Bishop Gudziak described Venerable Sheptytsky as "one of the greatest churchmen of the last hundred years." His Church had 3 to 4 million members whose communities are now found across the entire globe: Siberia, Egypt, Western Canada, and Argentina. Metropolitan Andrey visited his flock in Western Europe and the Americas.
The institute that bears his name was founded at the Catholic Theological Union in Chicago, and moved to St. Paul's University in Ottawa in 1990.
Its new home is Windle House, a Victorian mansion built in 1897. The house includes offices for professors and administrators, a seminar room, a reading room, and a student lounge.
About 500 people attended the July 25 blessing and garden party that welcomed the center and rededicated Windle House. Attendees included Cardinal Thomas Collins of Toronto.
Cardinal Collins, a member of the Congregation for the Eastern Churches, said the institute's ministry reflects "the richness of the Catholic Church, the diversity and the beauty."
Bishop Gudziak, who is also president of the Ukrainian Catholic University, said the institute will help advance the example of its namesake in meeting the challenges of the 20th century.

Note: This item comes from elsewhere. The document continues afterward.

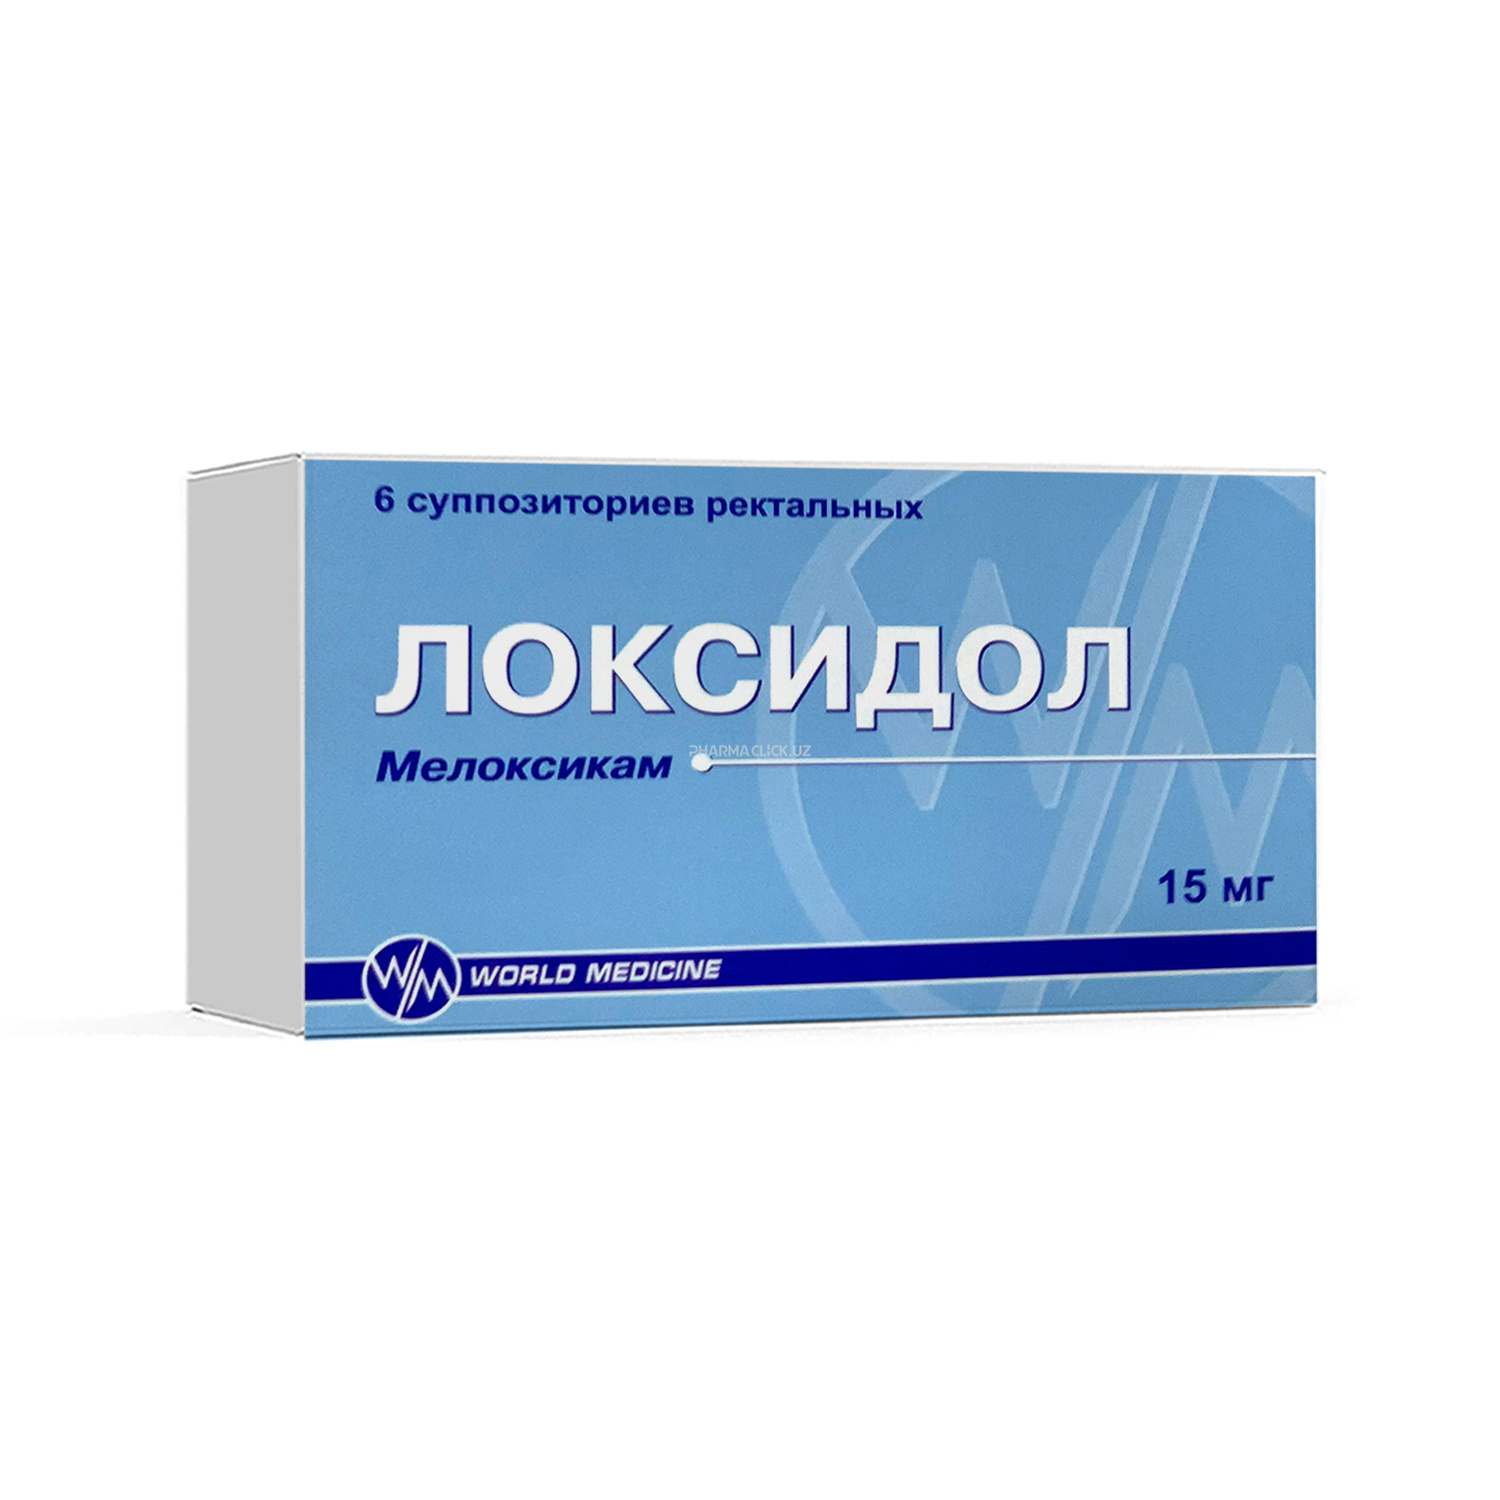 Loksidol  supp. rekt. 15 mg. №6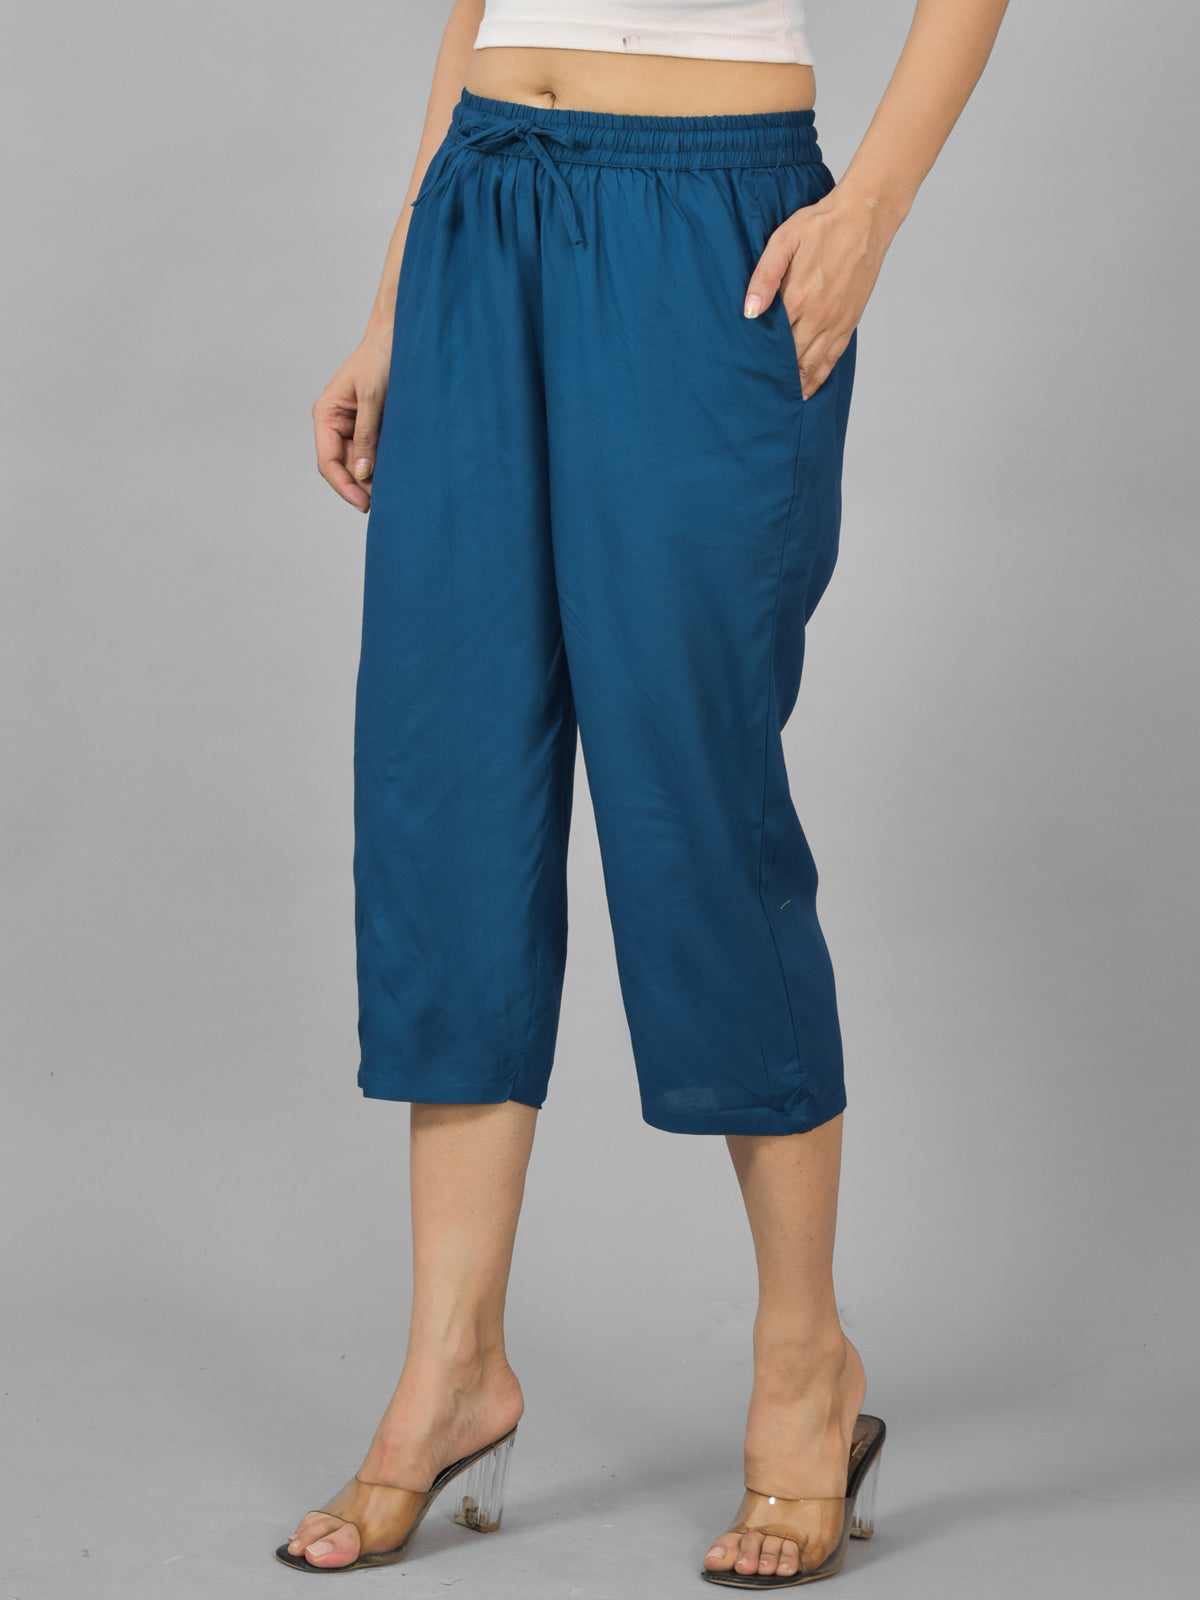 Women Teal Blue Rayon Calf Length Culottes Trouser

In the bishop's view, the Ukrainian Greek Catholic Church has become "an unwilling expert" at "how to stand up to authoritarianism and totalitarianism."
"Today there is, globally, an increase in authoritarian rule … Whether it's for Christians of the Middle East, or Christians in the former Soviet Union, or Christians in the Far East, whether it's people of good will in many countries and contexts today - the issue of human dignity, of human freedom, is foremost," said Bishop Gudziak, according to The Catholic Register.
Major Archbishop Sviatoslav Shevchuk of the Ukrainian Archeparchy of Kyiv-Halych is the patron of the Sheptytsky Institute and a former student.
In the spring 2017 edition of the institute's newsletter, he said the institute's professors "have played an important role in forging a way forward for our Church in the world."
"Our Church of Kyiv is now a global Church, with structures on five continents. It is incredibly significant that the Sheptytsky Institute will now be located at one of the world's top research universities. This is a sign of our Church coming of age."
He said the institute provided "invaluable assistance" to the Ukrainian Catholic University in Lviv, which was founded in 1994.